Furrukh v. Forest Hills Hospital

In an action to recover damages for medical malpractice, etc., the defendant Forest Hills Hospital appeals, as limited by its brief, from stated portions of an order of the Supreme Court, Queens County (McDonald, J.), entered November 8, 2012, which, inter alia, denied that branch of its motion which was pursuant to CPLR 3216 to dismiss the complaint for failure to prosecute.

*669Ordered that the order is reversed insofar as appealed from, on the law and in the exercise of discretion, with costs, and that branch of the motion of the defendant Forest Hills Hospital which was pursuant to CPLR 3216 to dismiss the complaint for failure to prosecute is granted.

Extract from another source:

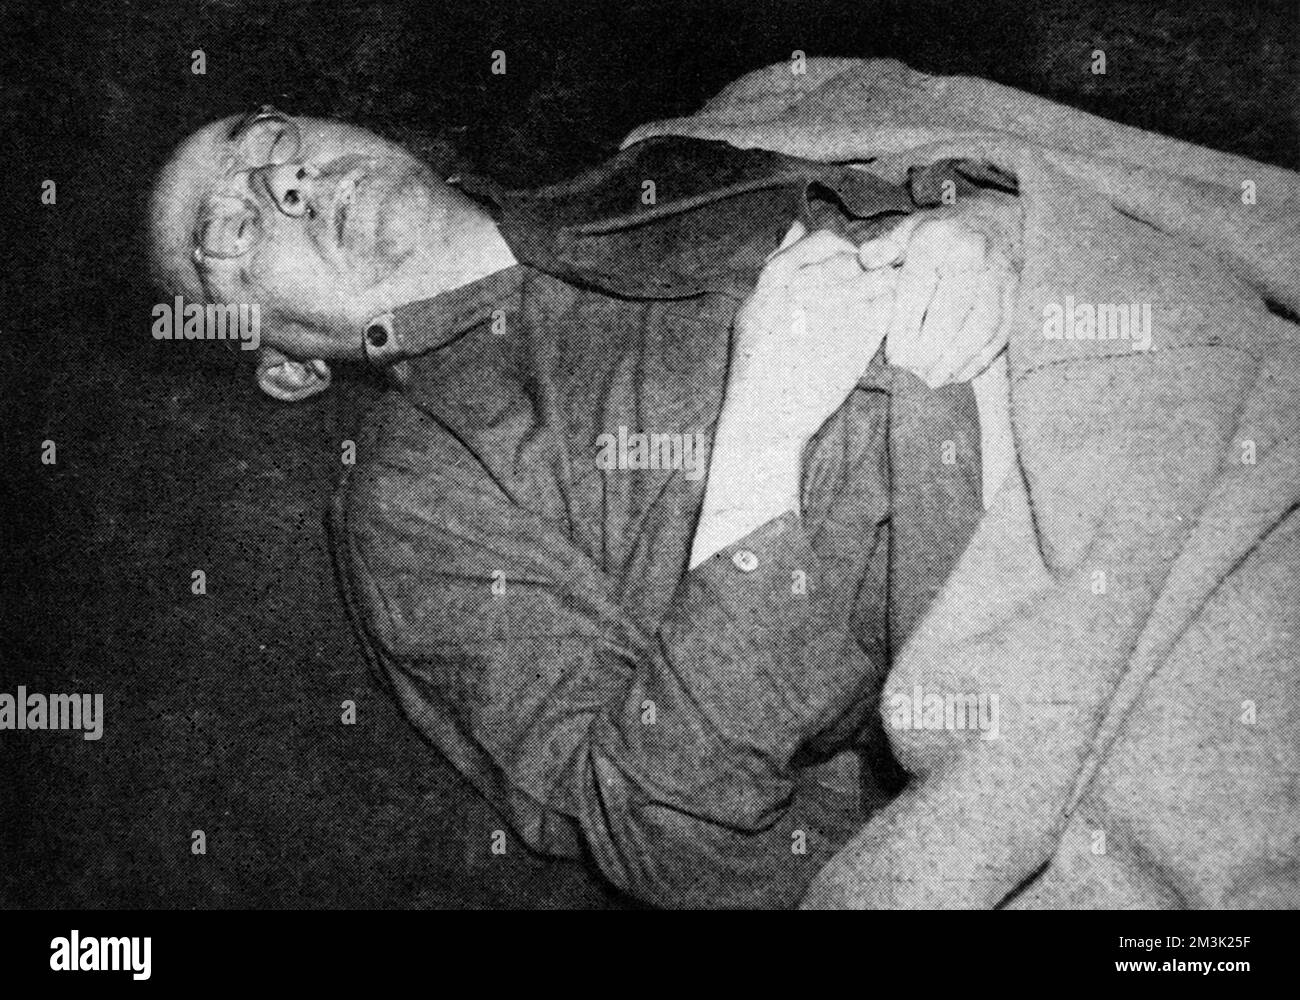 Photograph showing the corpse of Heinrich Himmler (1900-1945), the German Nazi leader and Chief-of-Police, shortly after he committed suicide at a Luneburg villa in May 1945.      He is shown wearing British Army clothing, which had been issued to him when he was captured.     Date: 1945 Stock Photo

Pursuant to Uniform Rules for Trial Courts (22 NYCRR) § 202.21, a note of issue must be accompanied by a certificate of readiness, which must state that there are no outstanding requests for discovery and the case is ready for trial (see 22 NYCRR 202.21 [a], [b]). While the filing of a note of issue within 90 days after service upon the plaintiff of a written demand to serve and file the note of issue precludes a court from dismissing the action (see CPLR 3216 [c]; Baczkowski v Collins Constr. Co., 89 NY2d 499, 503 [1997]), here, the plaintiffs’ certificate of readiness stated, inter alia, that discovery proceedings now known to be necessary were not completed, that there were outstanding requests for discovery, and that the case was not ready for trial. Since the certificate of readiness failed to materially comply with the requirements of 22 NYCRR 202.21, the filing of the note of issue was a nullity, and that branch of the appellant’s motion which was to vacate the note of issue was properly granted (see 22 NYCRR 202.21 [b], [e]; Blackwell v Long Is. Coll. Hosp., 303 AD2d 615, 616 [2003]; Garofalo v Mercy Hosp., 271 AD2d 642 [2000]).

Having received a 90-day demand pursuant to CPLR 3216, the plaintiffs were required to file a proper note of issue or move, before the default date, to vacate the 90-day demand or to extend the 90-day period pursuant to CPLR 2004 (see Cope v Barakaat, 89 AD3d 670, 671 [2011]; Gagnon v Campbell, 86 AD3d 623, 624 [2011]; Blackwell v Long Is. Coll. Hosp., 303 AD2d at 616; Spilky v TRW, Inc., 225 AD2d 539, 540 [1996]). The plaintiffs failed to timely file a proper note of issue or make a motion in response to the 90-day demand. Thus, to avoid dismissal of the complaint, the plaintiffs were required to show a justifiable excuse for the delay and a potentially meritorious cause of action (see CPLR 3216 [e]; Umeze v Fidelis Care N.Y., 17 NY3d 751 [2011]; Baczkowski v Collins Constr. Co., 89 NY2d at 504; Blackwell v Long Is. Coll. Hosp., 303 AD2d at 616; Garofalo v Mercy Hosp., 271 AD2d at 642-643). The plaintiffs failed to demonstrate a justifiable excuse for their delay and default (see Bhatti v Empire Realty Assoc., Inc., 101 AD3d 1066, 1067 [2012]; Stallone v Richard, 95 AD3d 875, 876 [2012]; Fenner v County of Nassau, 80 AD3d 555, 556 [2011]), and failed to submit an affidavit of merit from a medical expert sufficient to establish a potentially meritorious cause of action (see Mosberg *670v Elahi, 80 NY2d 941 [1992]; Reed v Friedman, 117 AD2d 661 [1986]; Vernon v Nassau County Med. Ctr., 102 AD2d 852 [1984]). Accordingly, that branch of the appellant’s motion which was pursuant to CPLR 3216 to dismiss the complaint for failure to prosecute should have been granted.

In light of our determination, we need not reach the appellant’s remaining contention. Angiolillo, J.P, Balkin, Austin and Miller, JJ., concur.